Paul Mayewski au Ladakh, dans l'Himalaya, près d'un des camps de l'ascension de 1980. Photo par Peter Jeschke, membre de l'équipe.


Quel est, selon vous, le résultat scientifique le plus important de vos équipes ?

Paul Mayewski : Nous avons démontré que le climat peut changer plus rapidement qu’un cycle politique [sic] – donc plus vite qu’un intervalle de 2 à 4 ans – et plus particulièrement qu’il est affecté par les changements de la circulation atmosphérique et par l’étendue des glaces marines. Nous avons fait cette découverte lors de notre analyse de la carotte de glace prélevée au sommet de la calotte glaciaire du Groenland. Avant cette découverte, la communauté scientifique supposait que le climat changeait lentement, c’est-à-dire sur des centaines d’années, et, en conséquence, que les changements des niveaux du gaz à effet de serre, entre autres, pourraient être absorbés par le système, ignorant les réponses rapides que nous observons aujourd'hui.

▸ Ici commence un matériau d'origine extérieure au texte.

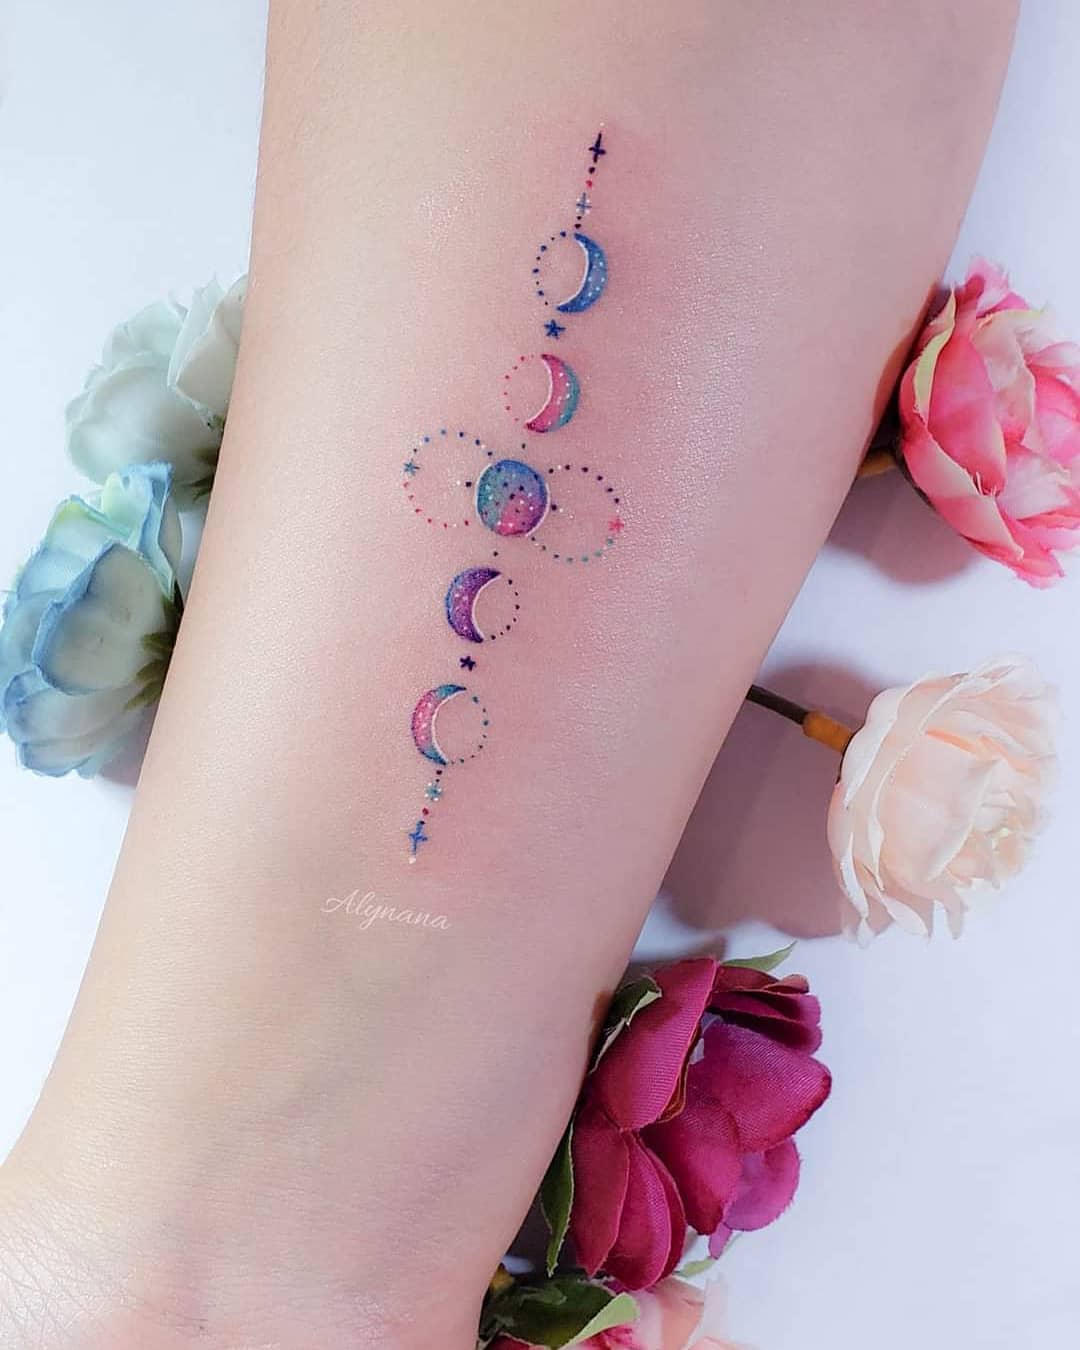 157 Delicati tatuaggi colorati dell'artista Alynana Moon Phases con piccoli punti e stelle sull'avambraccio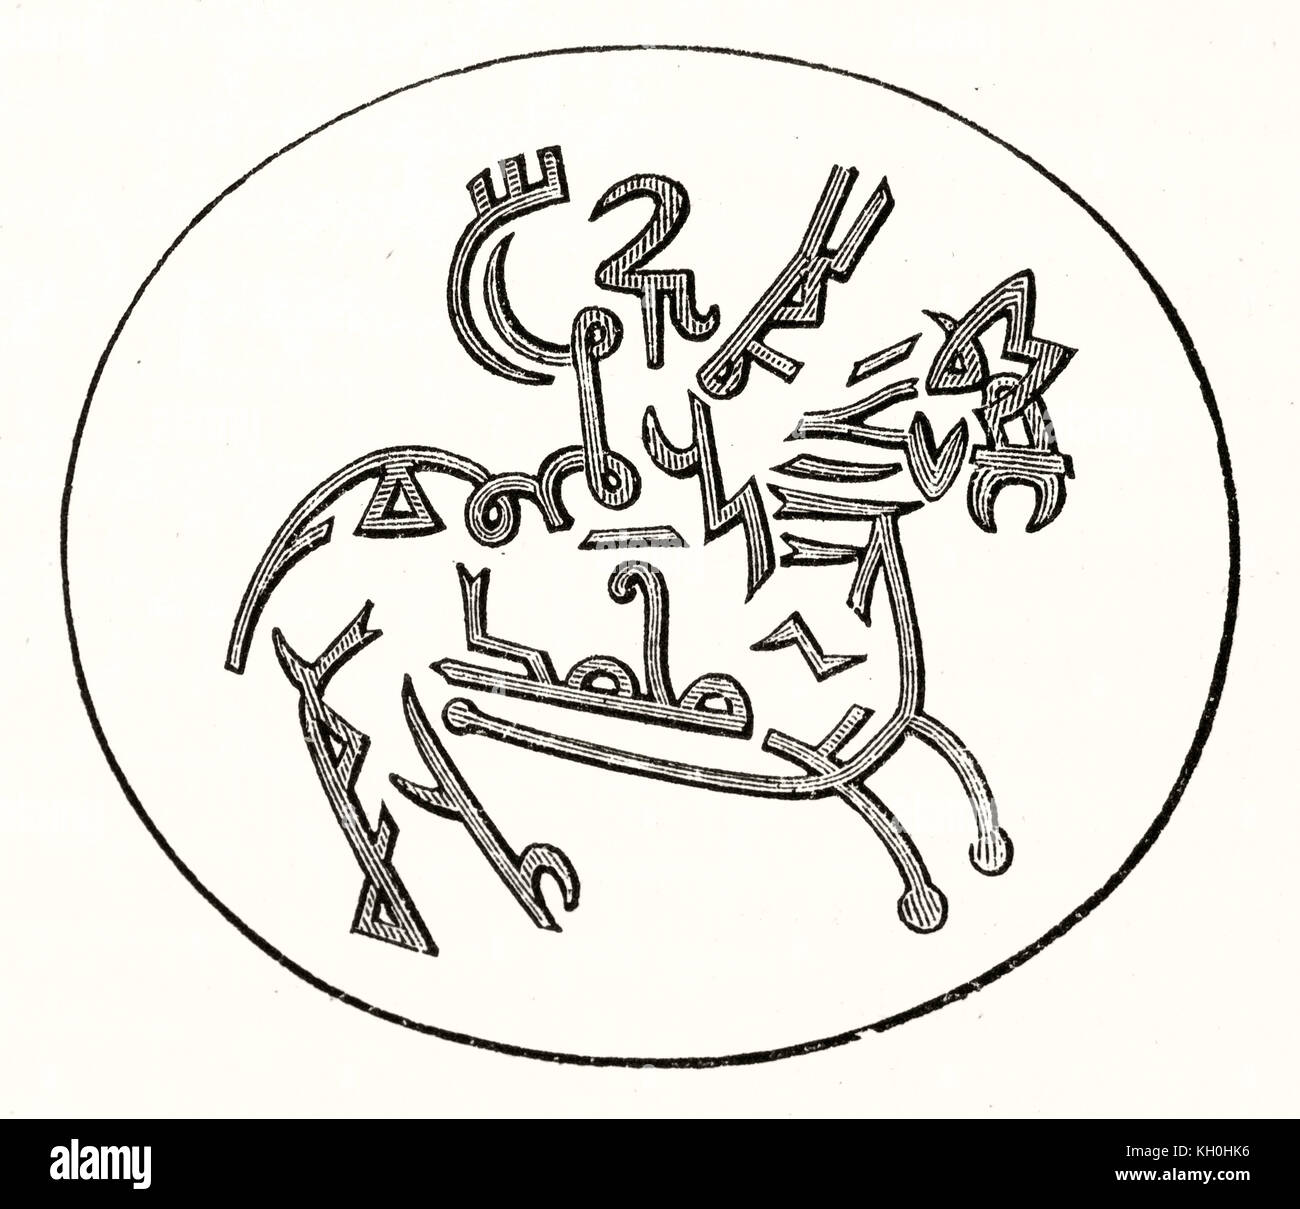 Vecchia riproduzione inciso di arabi talismano che raffigura il profeta Maometto in sella cavallo alato Buraq. Publ. su Magasin pittoresco, Parigi, 1847 Foto Stock

Est-ce que l’interdisciplinarité est importante dans la recherche sur le climat ? Et quelles sont les disciplines avec lesquelles vous interagissez le plus ?

Paul Mayewski : L’interdisciplinarité est cruciale ! Ce sont les humains qui ont défini les disciplines. Or, dans presque tous les cas, les problèmes complexes que nous, chercheurs, découvrons et étudions, ne peuvent pas être entièrement compris ou correctement étudiés sans faire appel à plusieurs disciplines.

Paul Mayewski coordonne l'échantillonnage d'une carotte de glace pendant la traversée de l'Antarctique de l'Ouest en 2002. Photo par Dan Dixon, membre de l'équipe.


Quelle formation de niveau Licence ou Master-Thèse recommandez-vous à un jeune de 20-22 ans qui voudrait venir étudier la climatologie dans votre laboratoire ?

Paul Mayewski : Le changement climatique est un champ de recherche qui connaît une évolution rapide et notre Institut est toujours ouvert aux candidats qui ont une bonne formation en sciences physiques, chimiques, biologiques et sociales et qui souhaitent contribuer à la compréhension du climatique et de ses conséquences.

Y a-t-il encore un avenir pour les glaciologues dans un monde où la glace a fondu ?

Paul Mayewski : Il reste encore beaucoup à faire si nous voulons tirer les leçons du passé et faire des prévisions plus solides sur le changement climatique et ses conséquences futures. À l’avenir, on pourra étudier la glace de plus en plus profonde. Cela nécessitera de nouveaux outils de datation et de nouvelles analyses.

Entretien réalisé par Anca Dan, historienne et archéologue au laboratoire Archéologie et Philologie d’Orient et d’Occident de l’ENS-PSL.